RECORDS PROVIDED
..............................

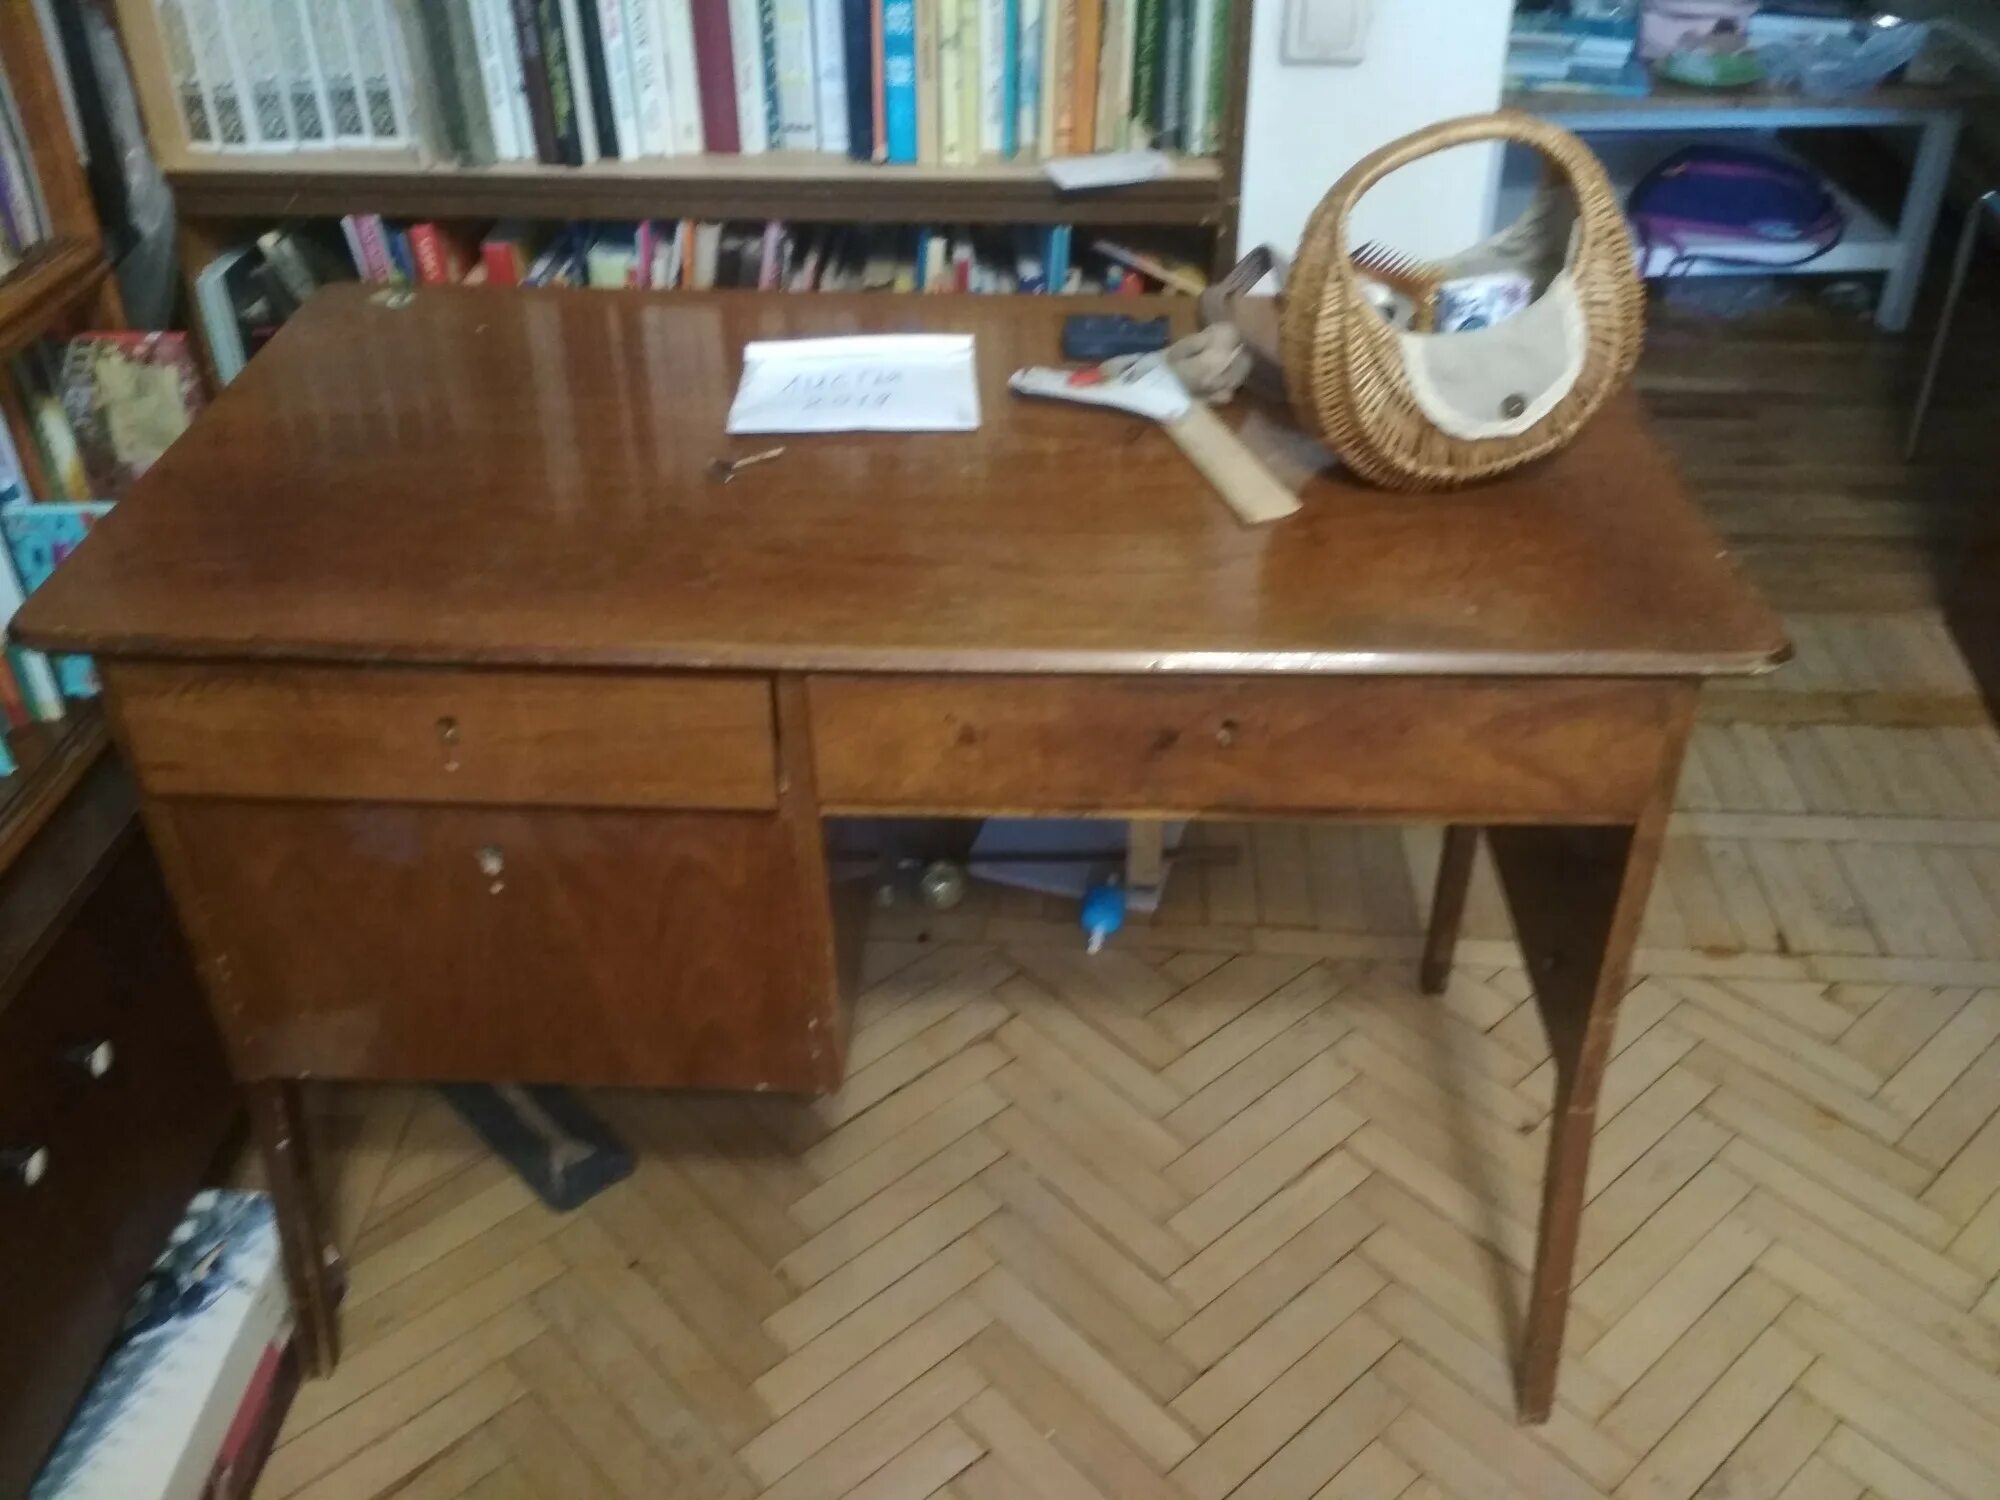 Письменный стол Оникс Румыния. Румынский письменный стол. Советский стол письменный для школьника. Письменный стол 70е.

..............................

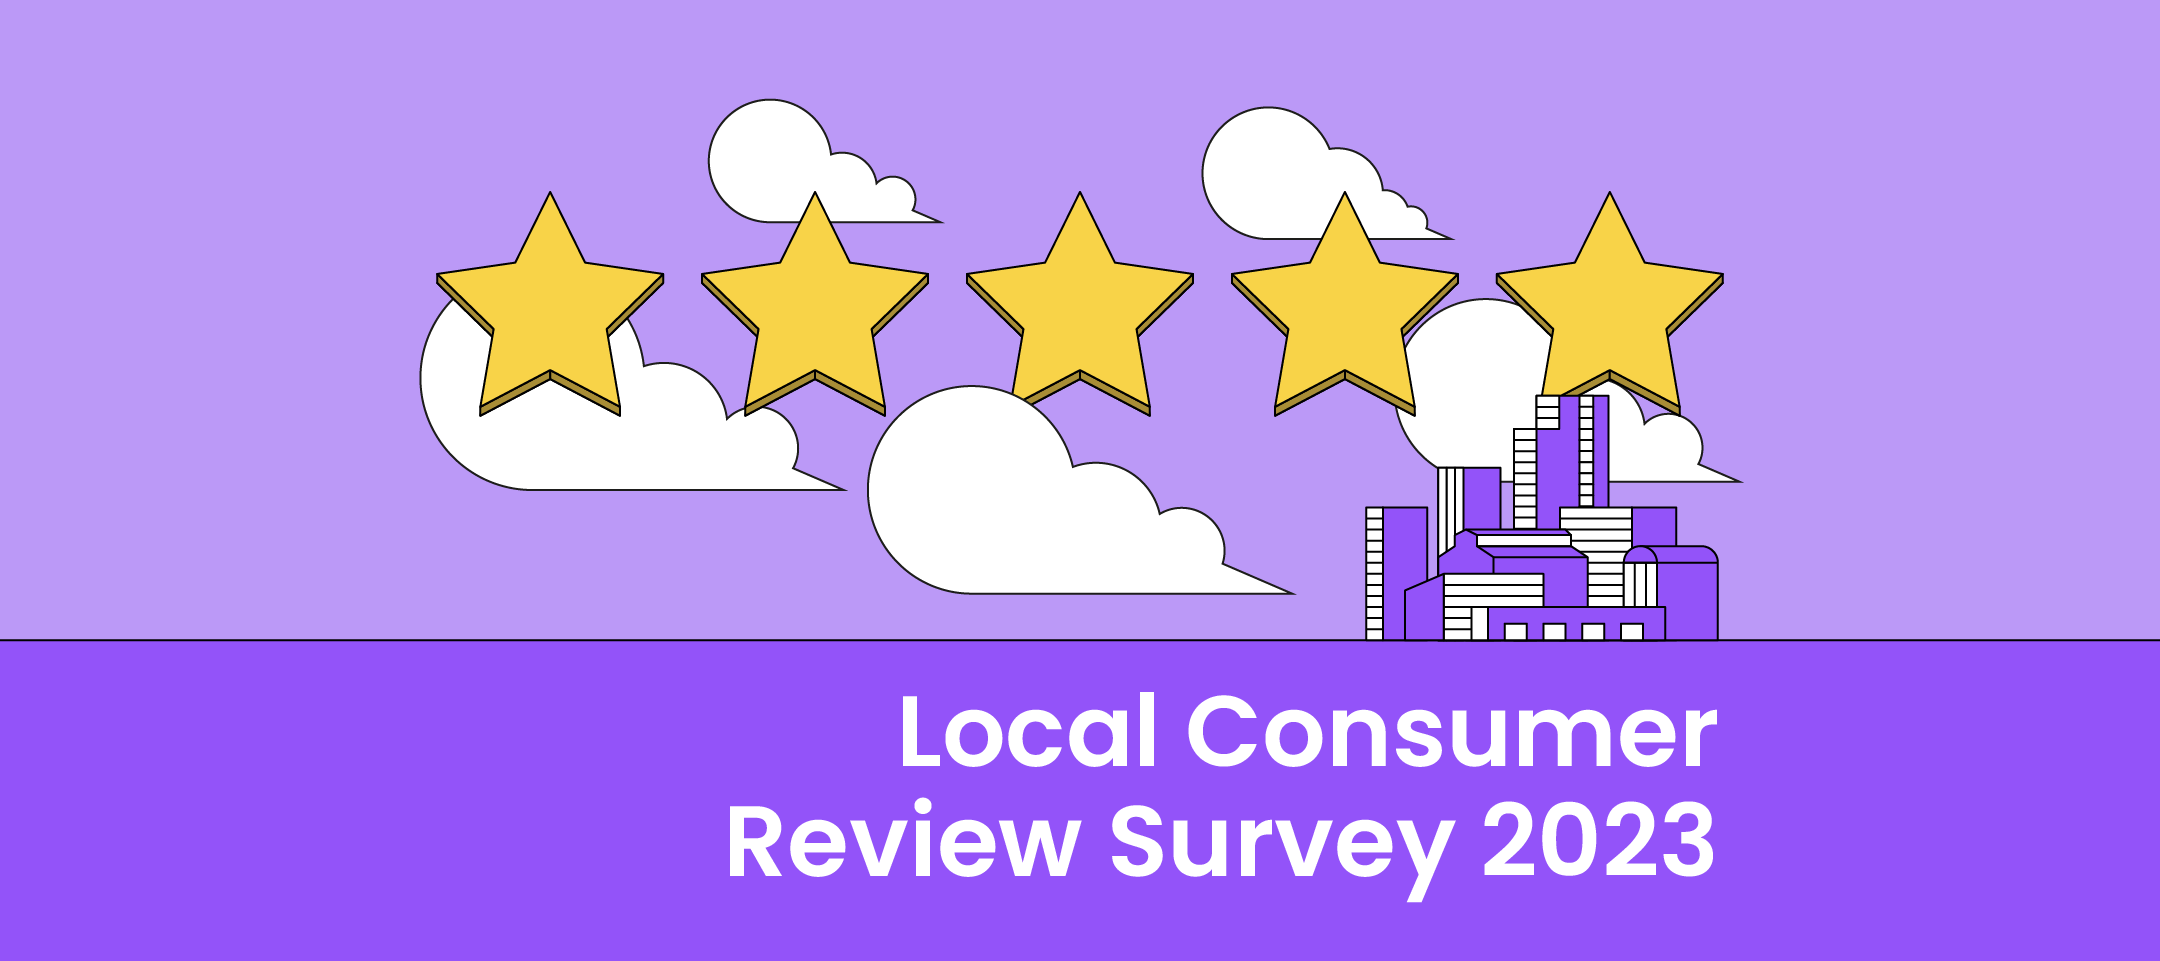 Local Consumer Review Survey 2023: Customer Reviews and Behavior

..............................

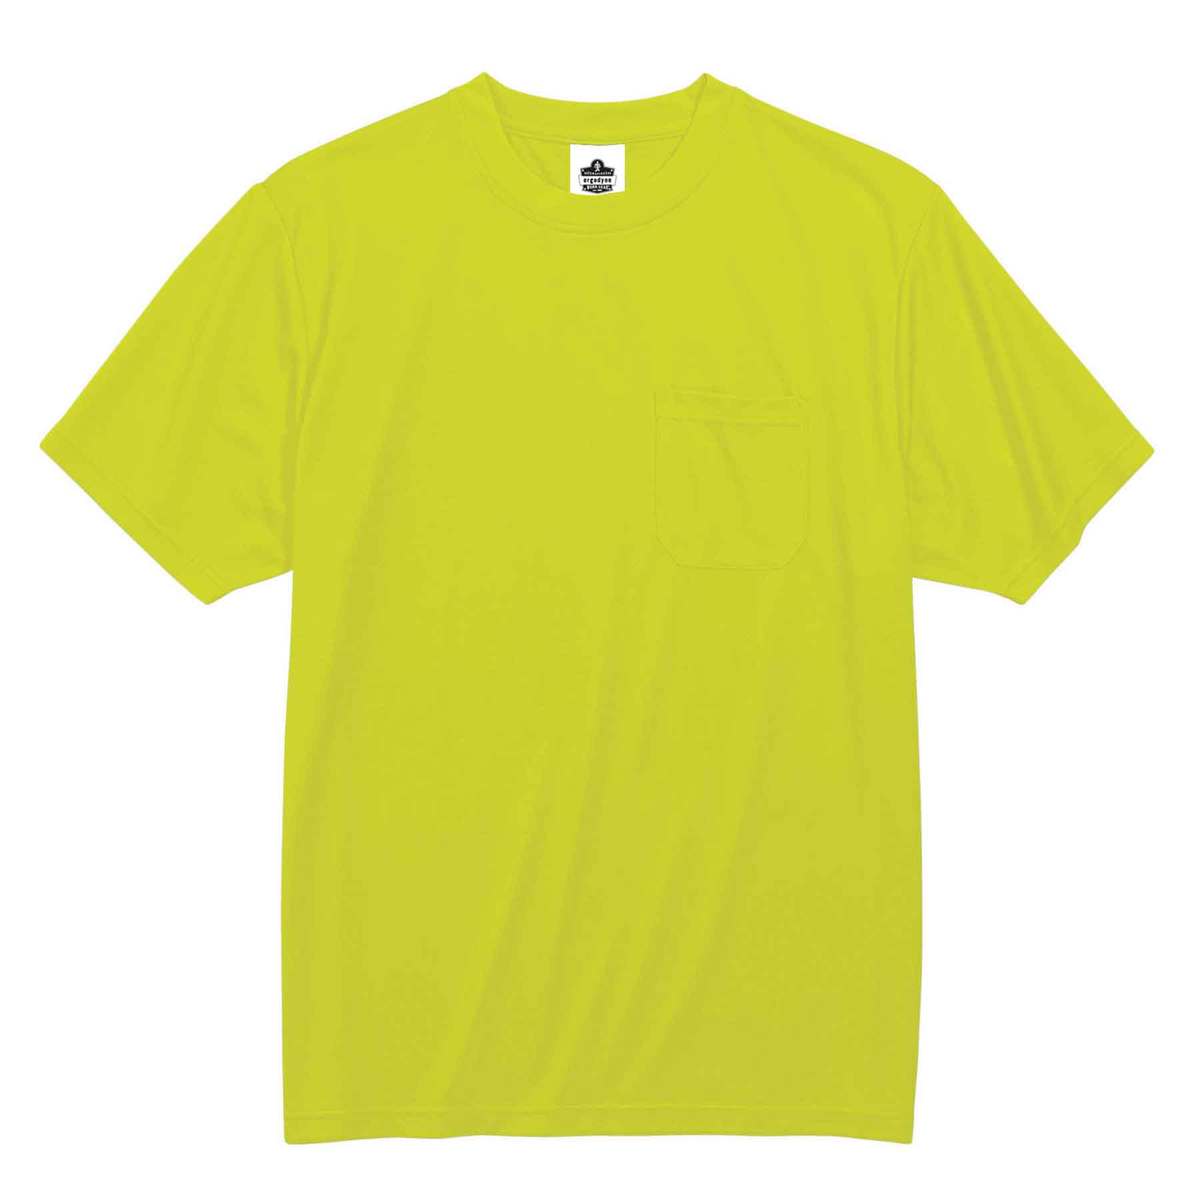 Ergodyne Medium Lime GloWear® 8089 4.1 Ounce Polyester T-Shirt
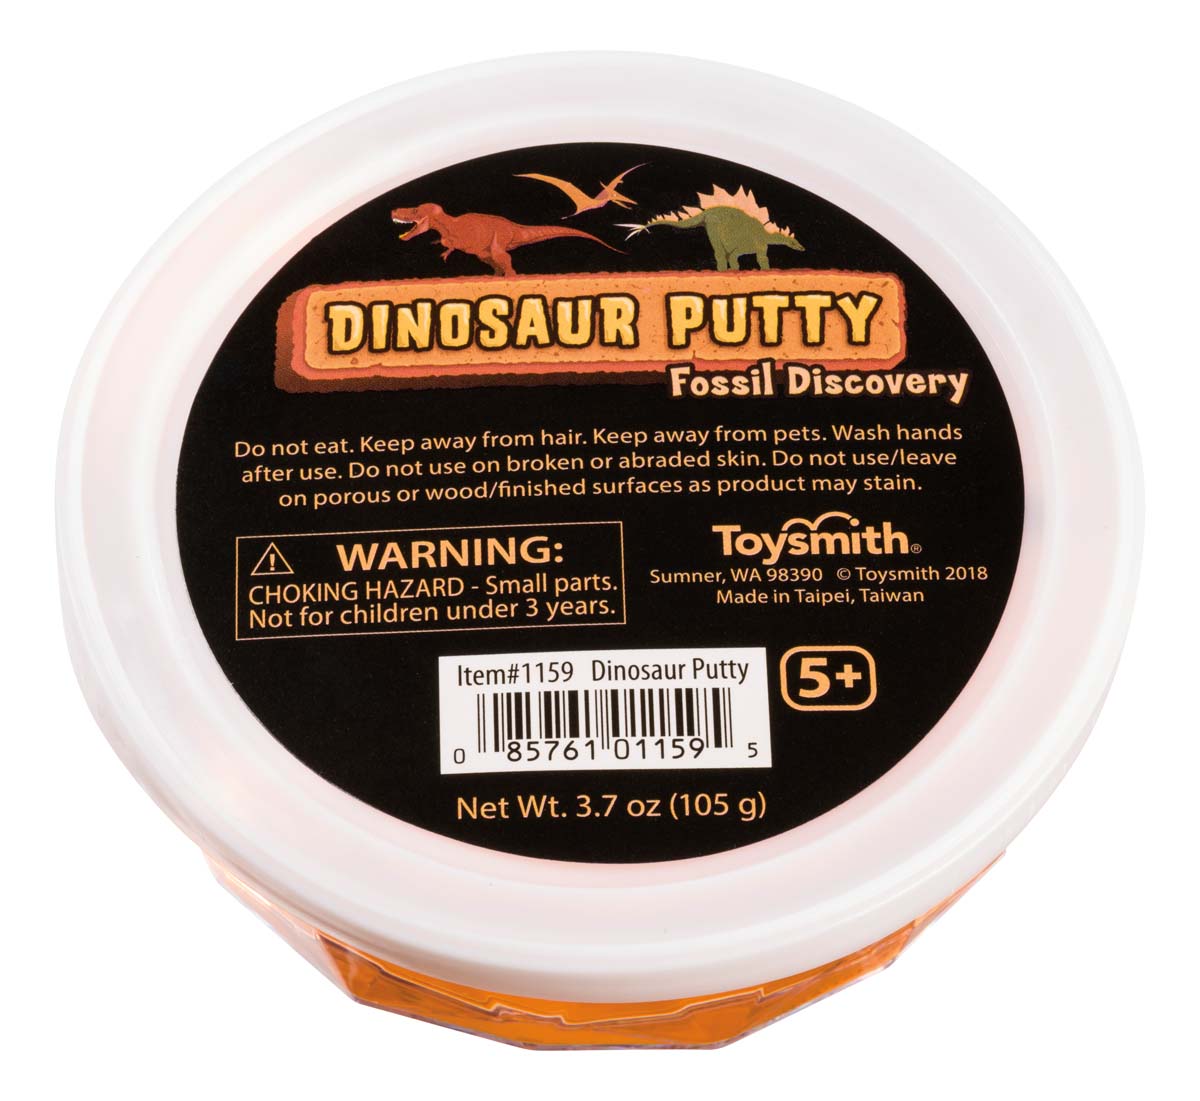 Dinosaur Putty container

..............................

DIRECTIONS
In the records above, copy exactly everything from the line that has "Ergodyne Medium Lime" down to the line that has "Dinosaur Putty container", both ends included, and leave out the pictures.

ANSWER SECTION
 Ergodyne Medium Lime GloWear® 8089 4.1 Ounce Polyester T-Shirt
 Dinosaur Putty container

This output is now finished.